**Aim of the task:** Give the data again exactly as it appears, excluding any pictures.

**Supplied material:**
==================================================

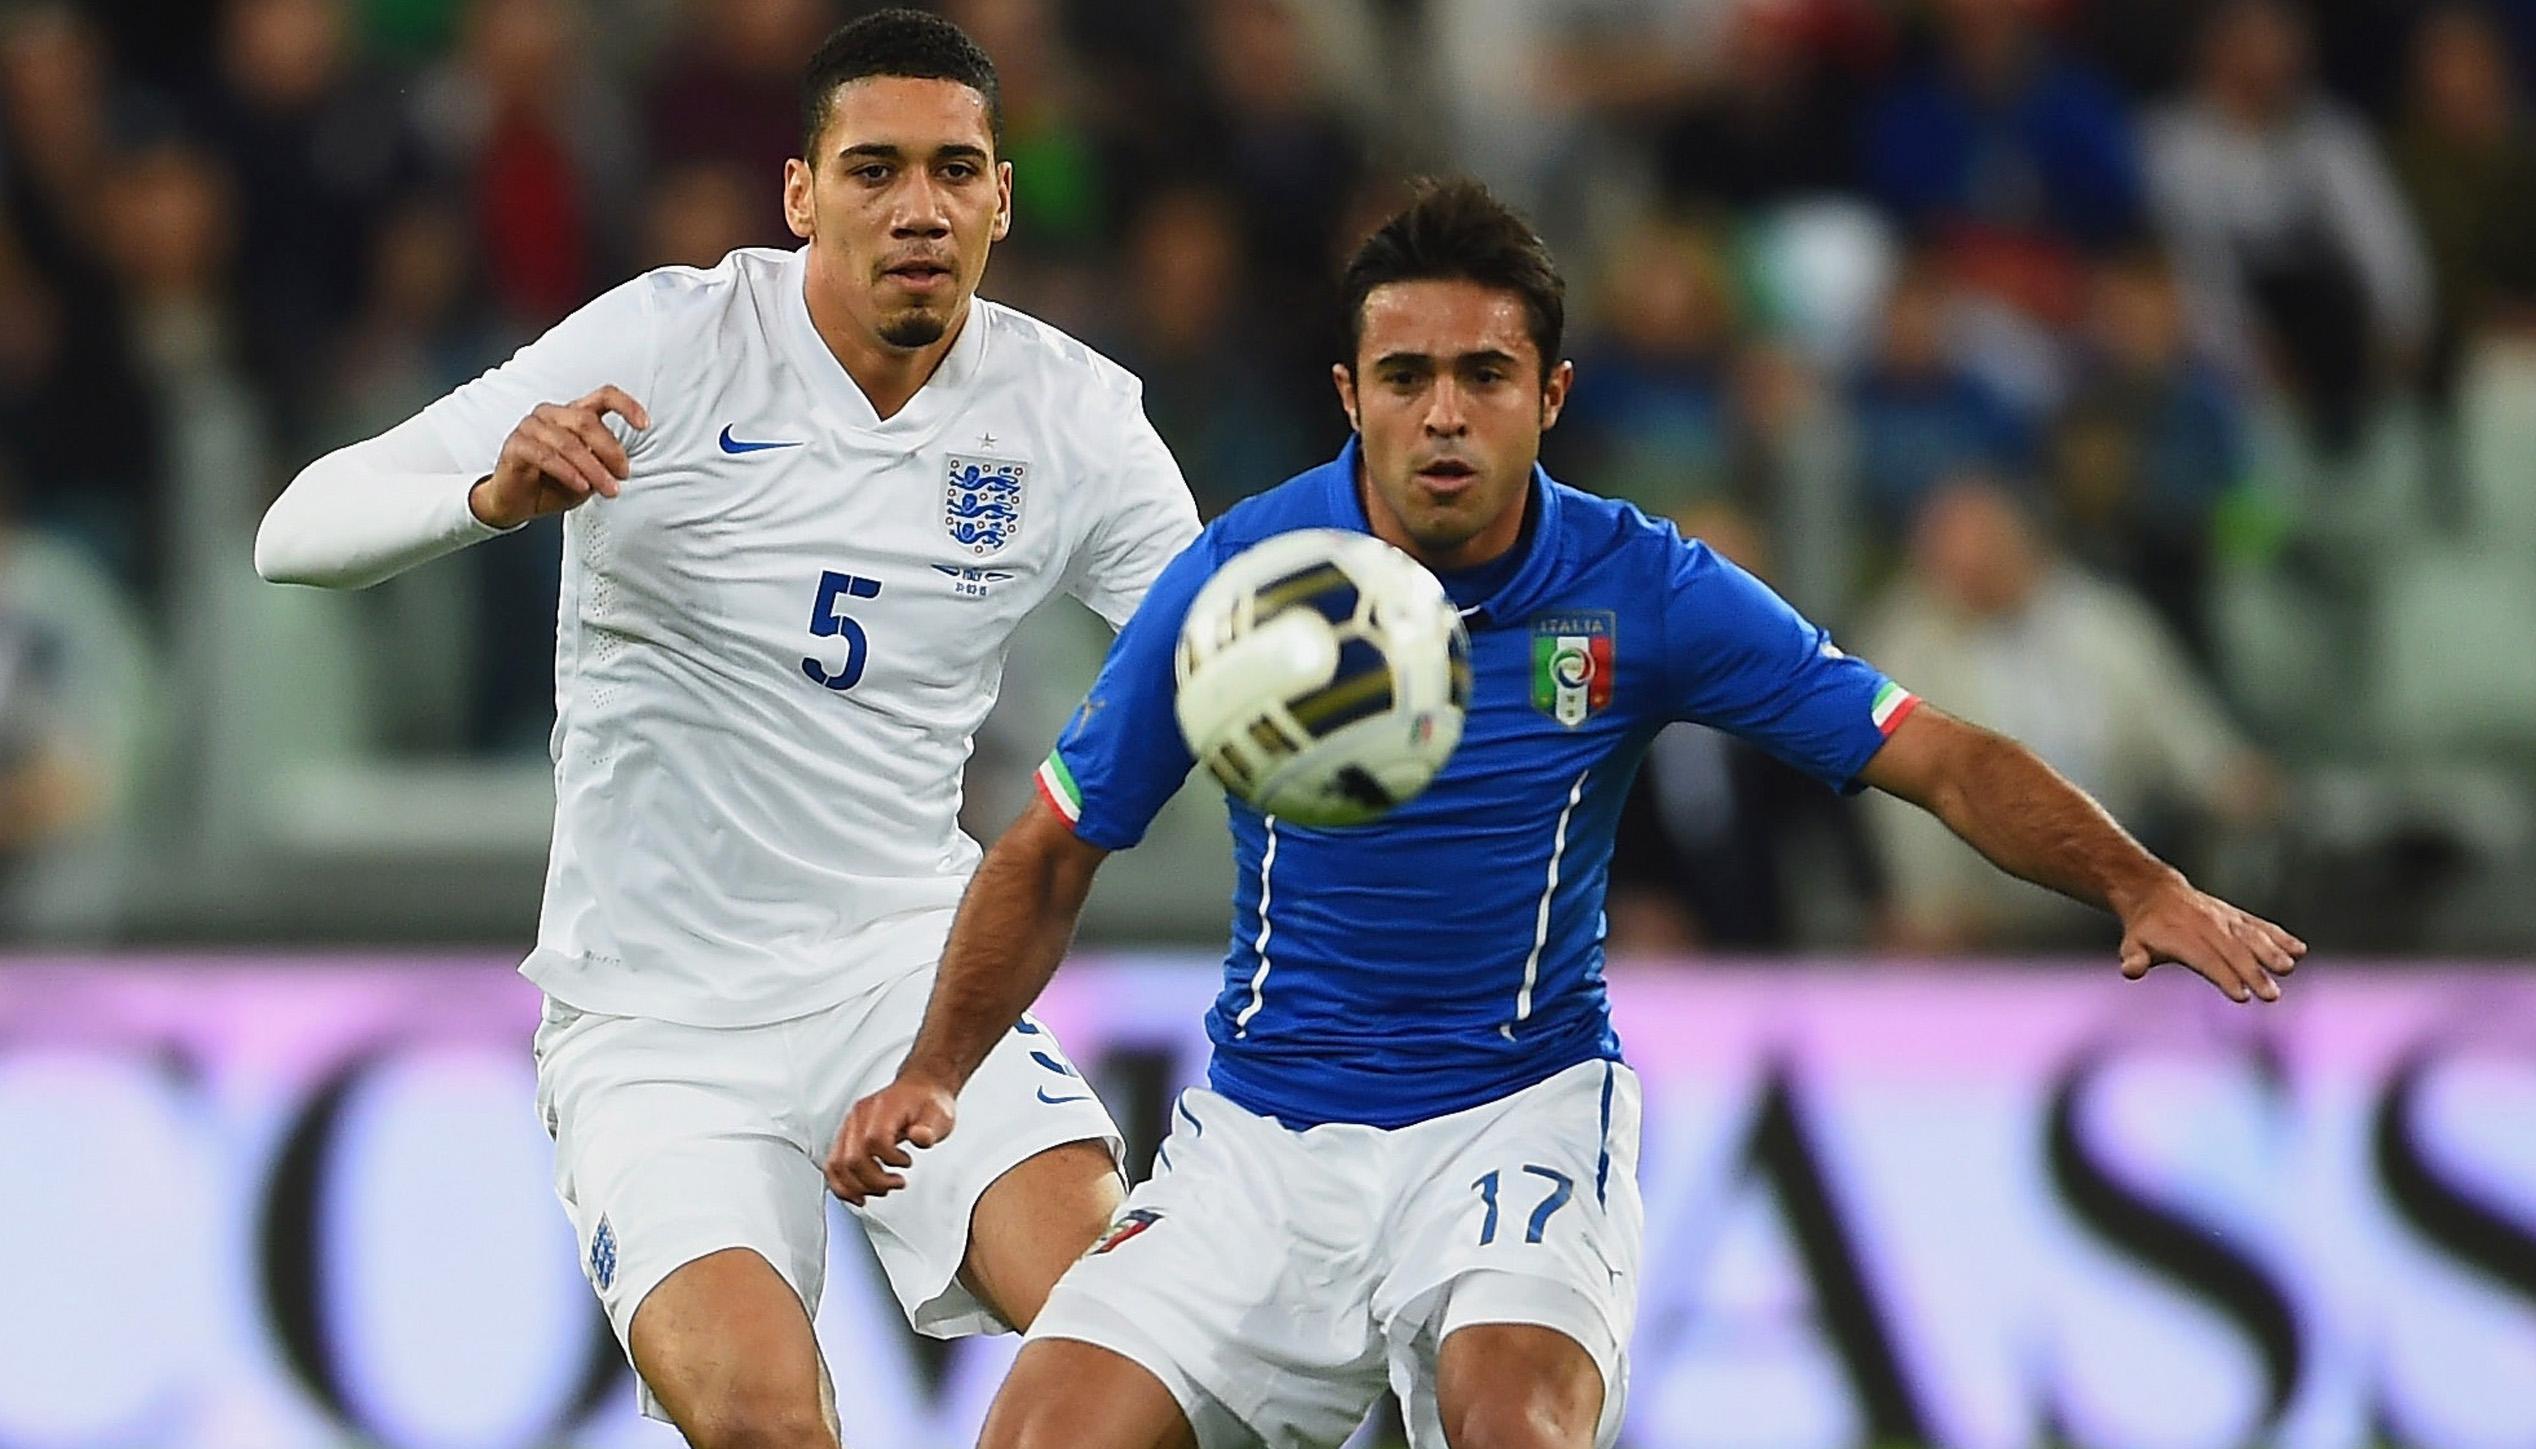 England – Italien: Es ist kein Spektakel zu erwarten
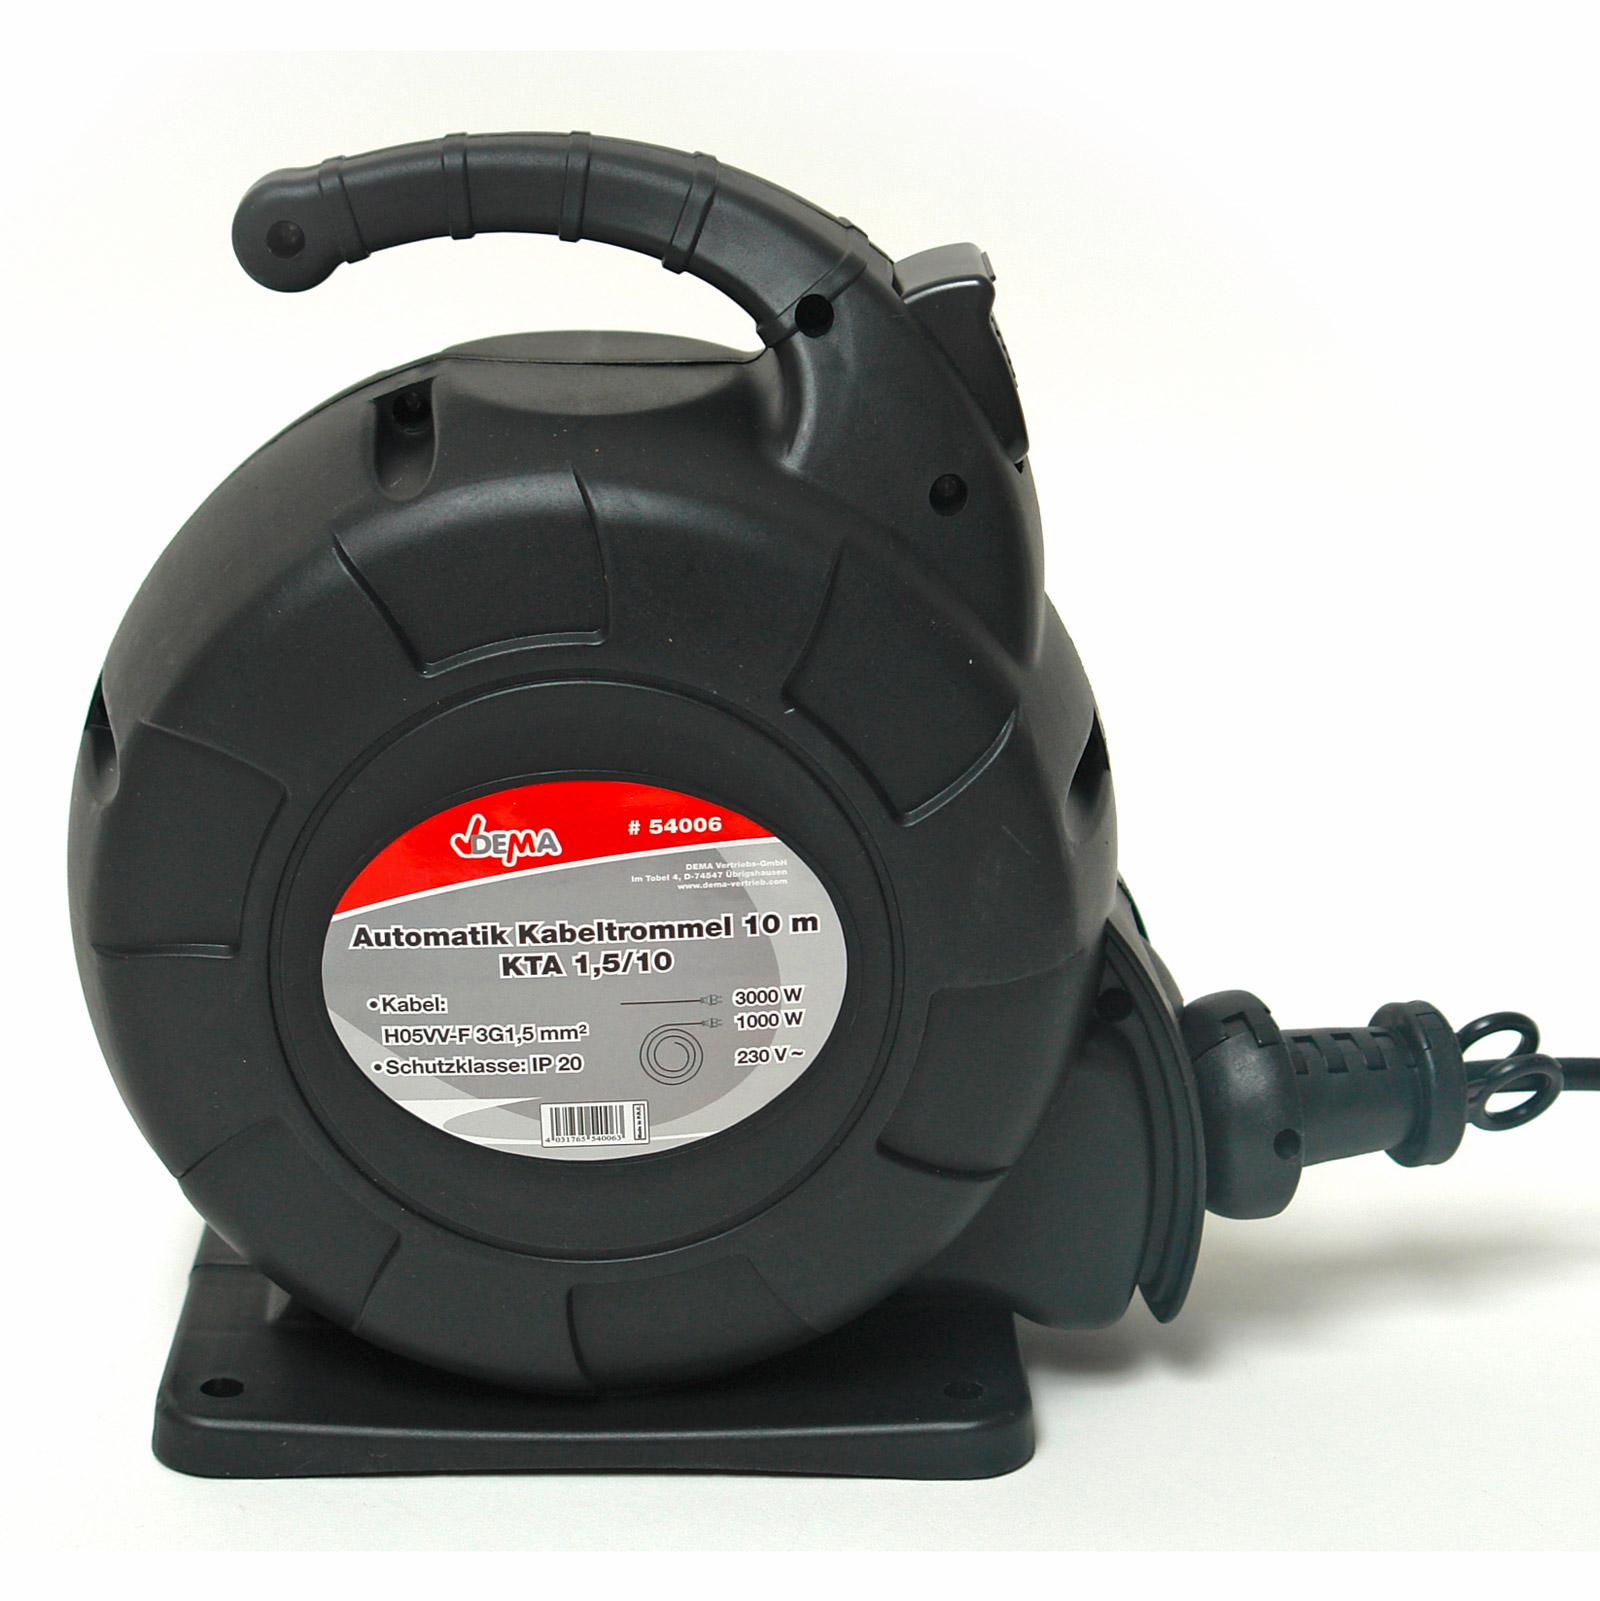 automatik kabeltrommel kabelbox 10m h05vvf 3x1 5 917550 ebay. Black Bedroom Furniture Sets. Home Design Ideas
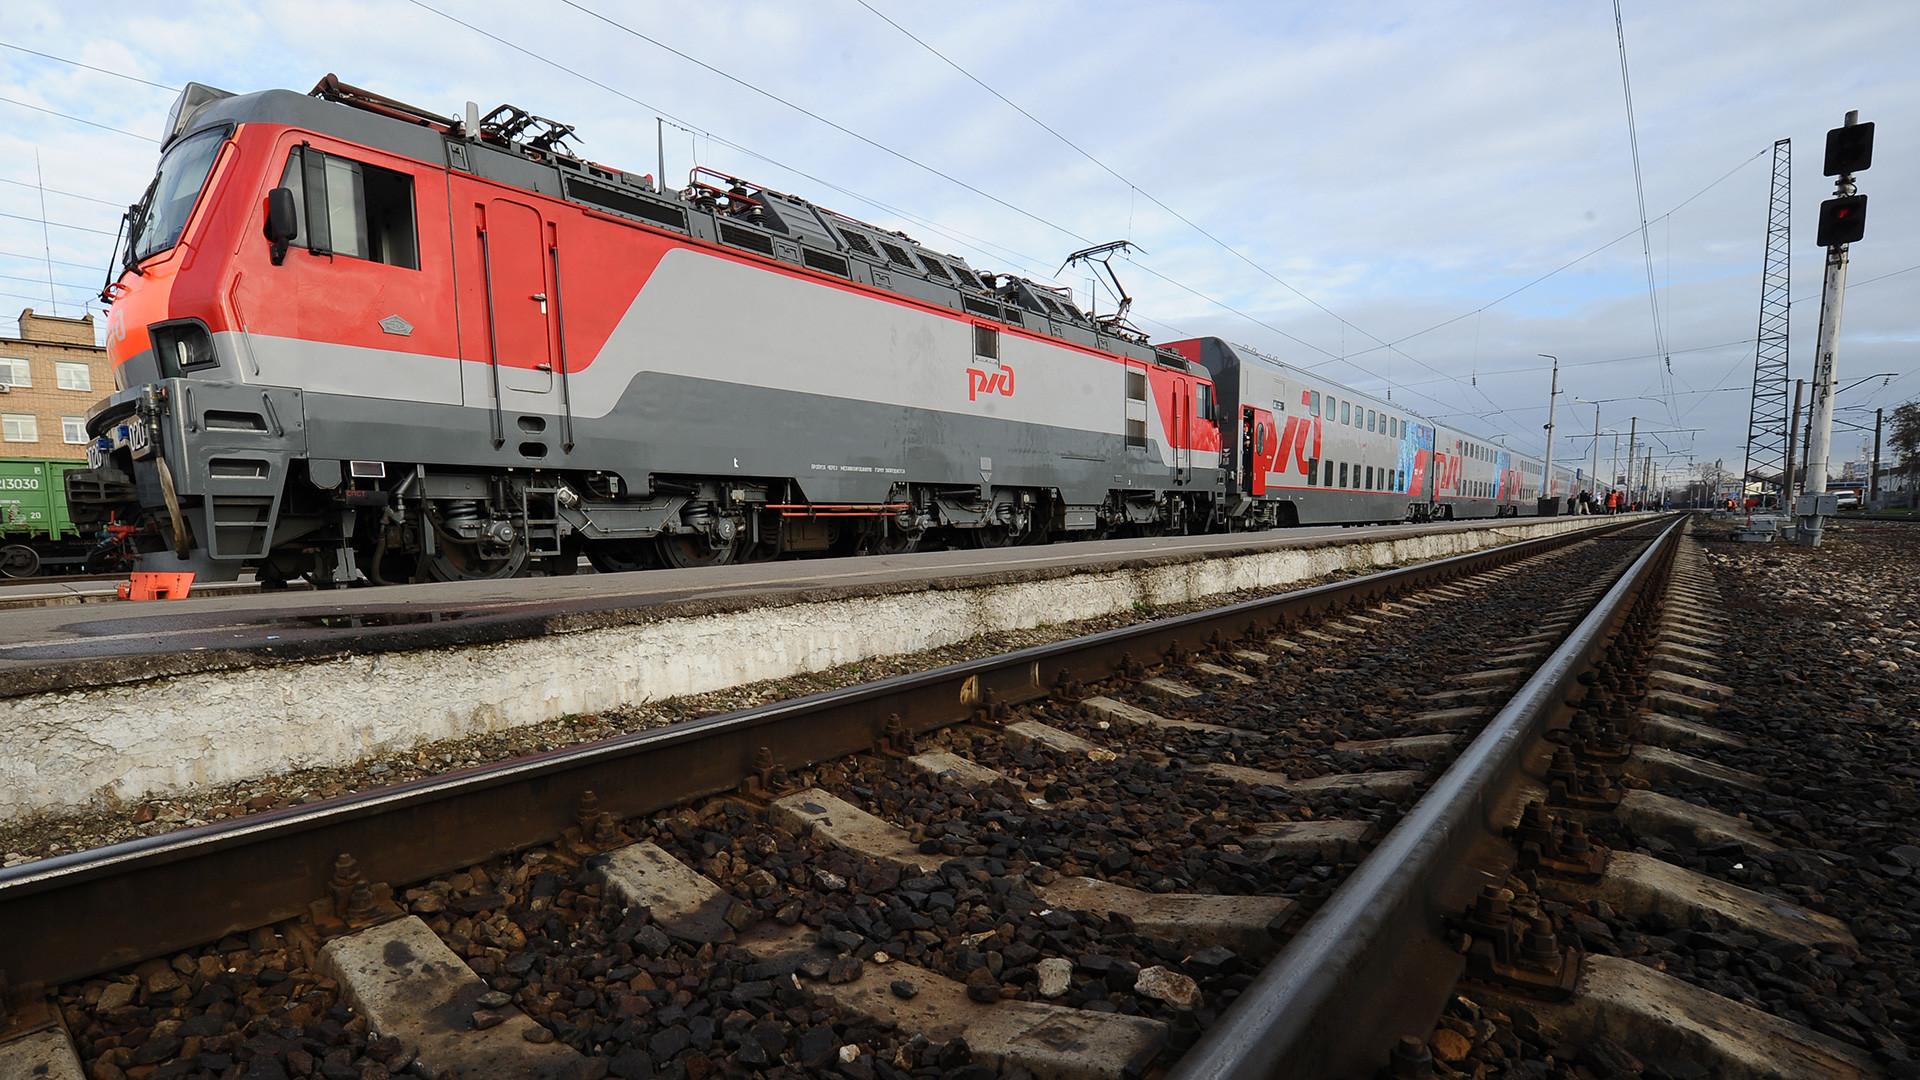 Prvi ruski dvonadstropni potniški vagon odhaja s Kazanske železniške postaje proti kraju Adler v predmestju Sočija.

==================================================

**Final answer:**
 England – Italien: Es ist kein Spektakel zu erwarten
 automatik kabeltrommel kabelbox 10m h05vvf 3x1 5 917550 ebay. Black Bedroom Furniture Sets. Home Design Ideas
 Prvi ruski dvonadstropni potniški vagon odhaja s Kazanske železniške postaje proti kraju Adler v predmestju Sočija.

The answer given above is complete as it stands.